Pemerintah menargetkan 10 BLK menjadi pusat talent partner, sebagai wadah generasi muda untuk mengembangkan ide dan berjejaring dengan investor. “Teman-teman Gen Z dan milenial bisa datang, membawa ide produk, lalu kita bantu inkubasi,” tambahnya.

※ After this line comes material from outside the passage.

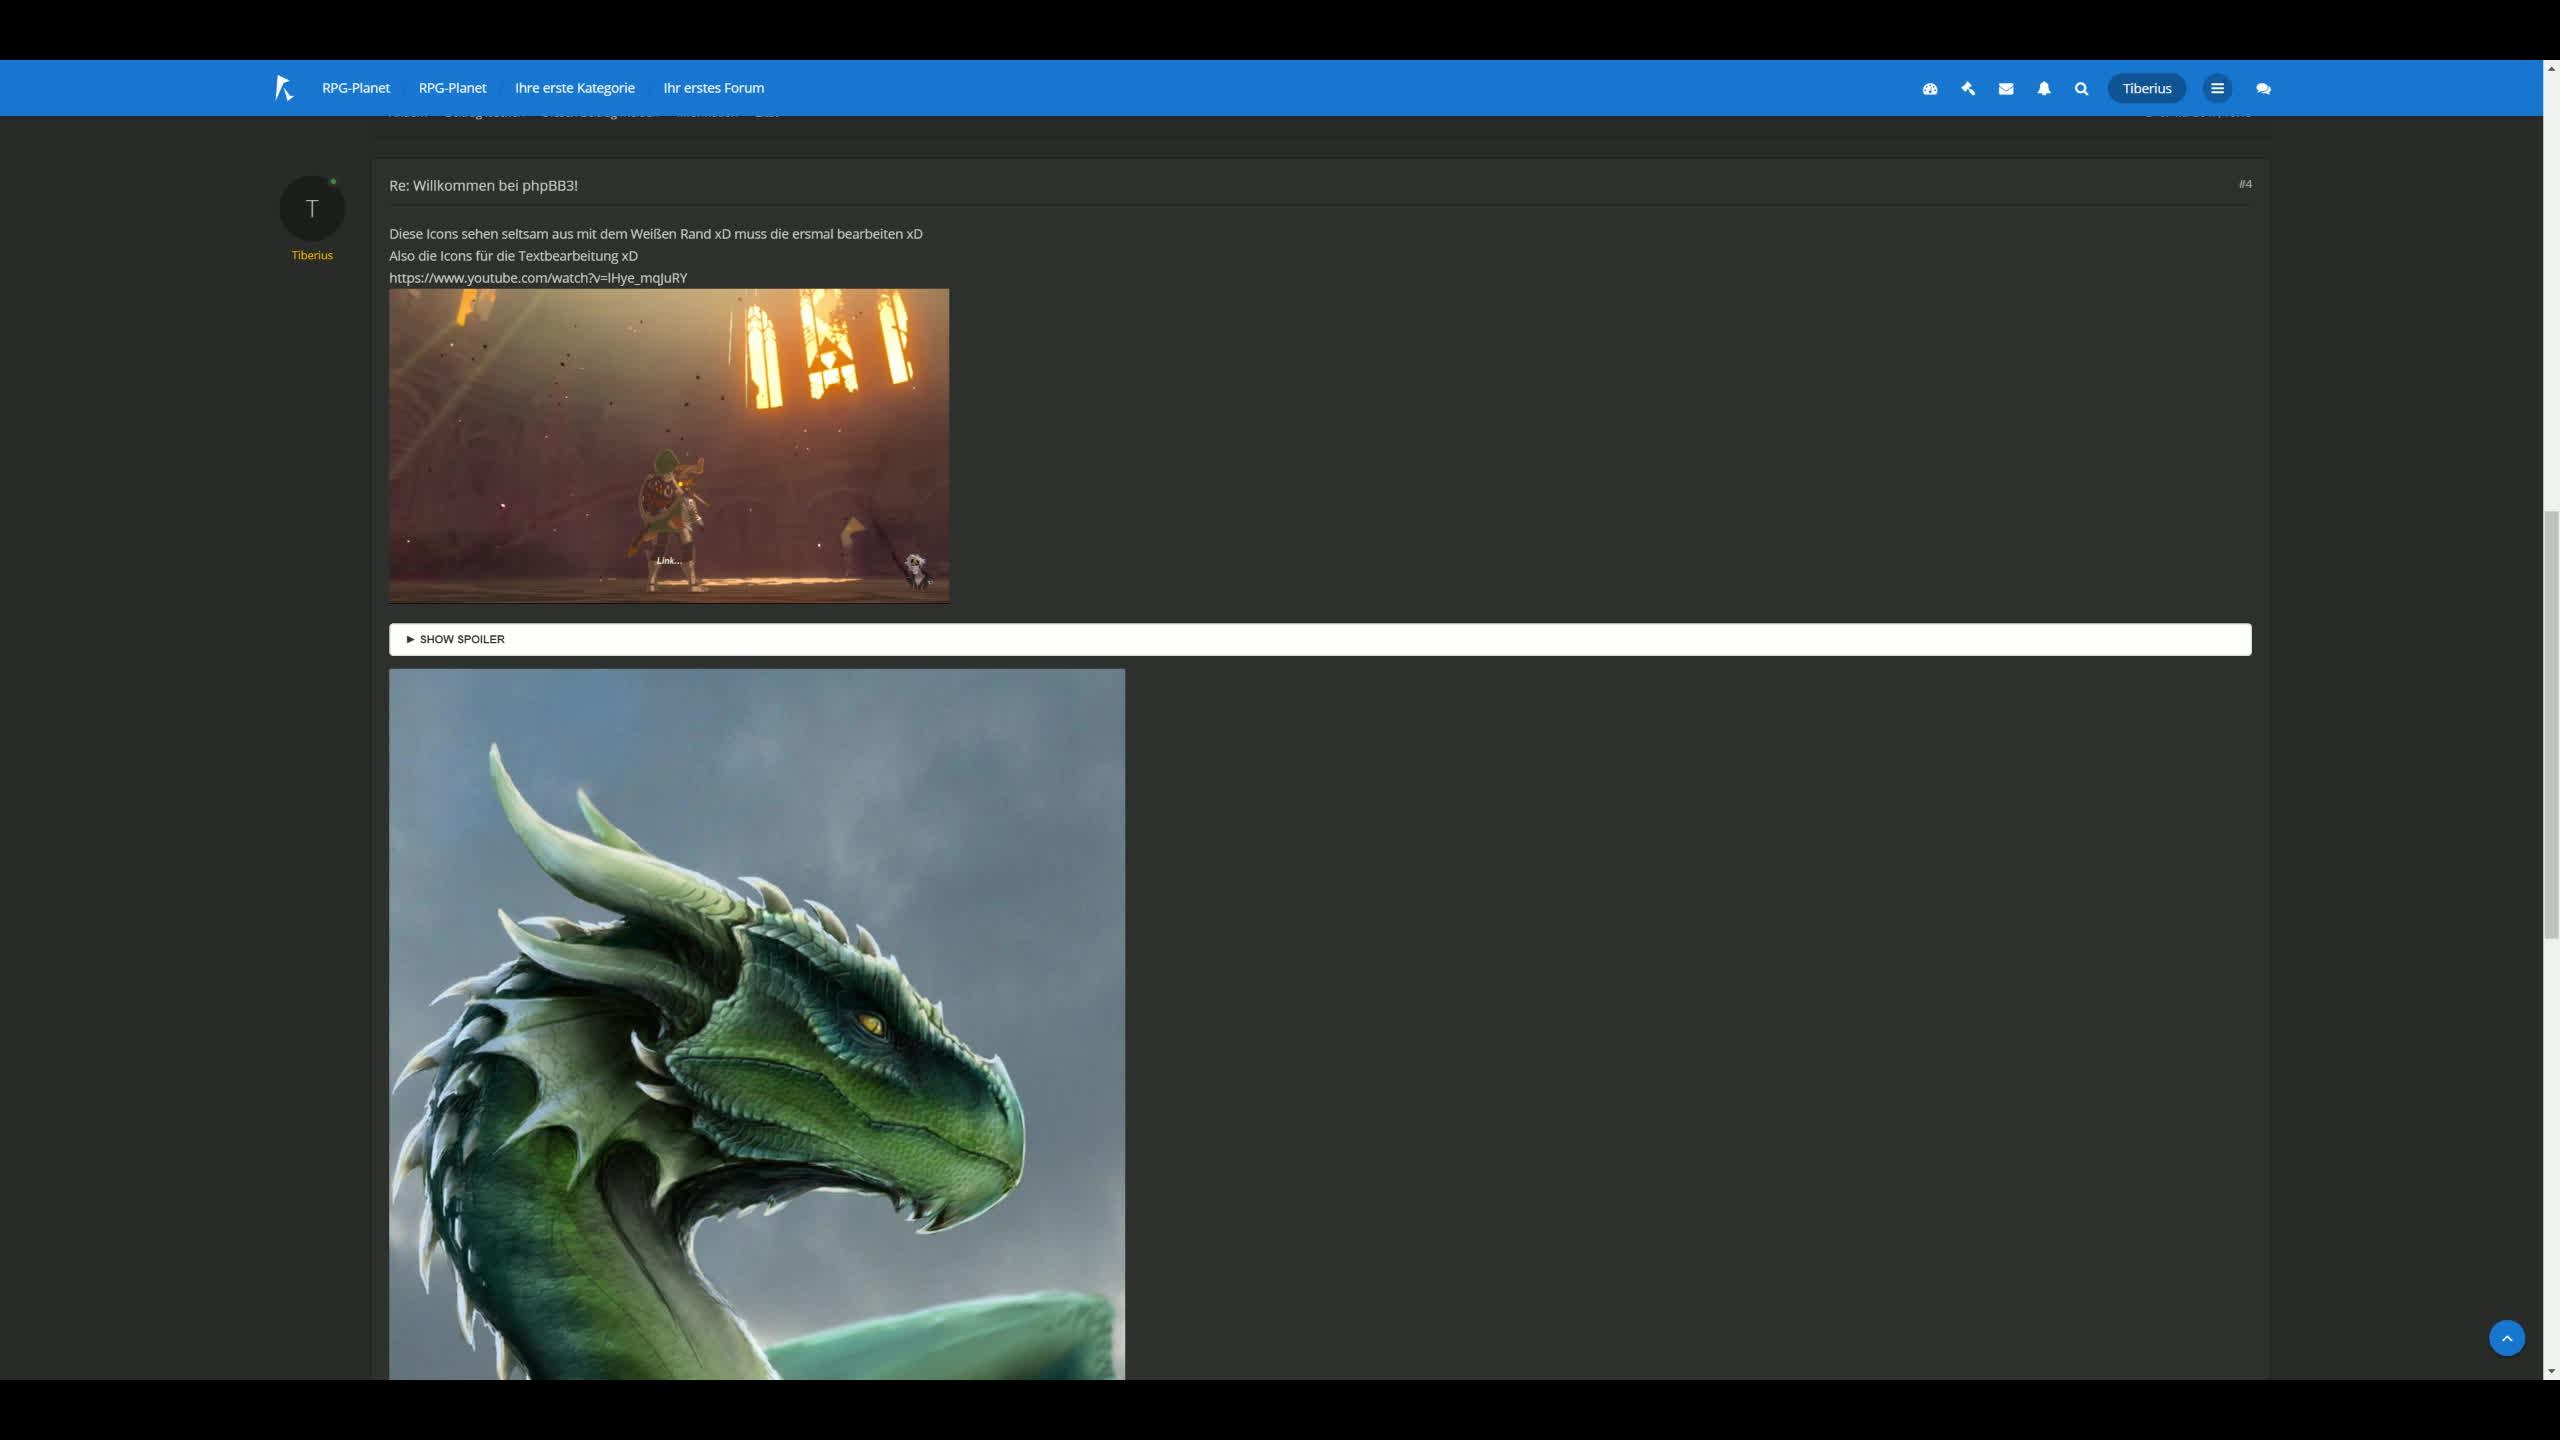 webdev, webpage preview GIFs

Yassierli juga menjelaskan bahwa pihaknya sedang membangun sinergi dengan dunia usaha untuk memperluas pelatihan tenaga kerja. “Kami bangun dulu kesadaran di dunia usaha bahwa reskilling dan upskilling itu penting. Kalau bisa kolaborasi, itu yang kita dorong mulai tahun depan,” katanya.

Pelatihan untuk Sektor Koperasi dan Subsidi Upah

Di sektor koperasi, Kemnaker menargetkan pelatihan bagi 100 ribu pengurus koperasi pada 2026. “Satu koperasi bisa memiliki 3–6 pengurus. Yang kita latih dulu adalah pengurusnya,” jelas Yassierli.

Selain itu, realisasi bantuan subsidi upah (BSU) terus didorong. “Terakhir saya cek, sudah mencapai 85 persen. Dari lebih dari 17 juta penerima, sekitar 16 juta sudah terverifikasi dan tersalurkan. Jika tuntas seluruhnya, total bisa mencapai 32 juta,” ujarnya.

Yassierli juga menekankan pentingnya Gerakan Produktivitas Nasional sebagai kunci peningkatan daya saing. “Fokusnya adalah intervensi ke perusahaan-perusahaan yang membutuhkan peningkatan produktivitas. Ini akan menjadi salah satu kunci daya saing,” tambahnya.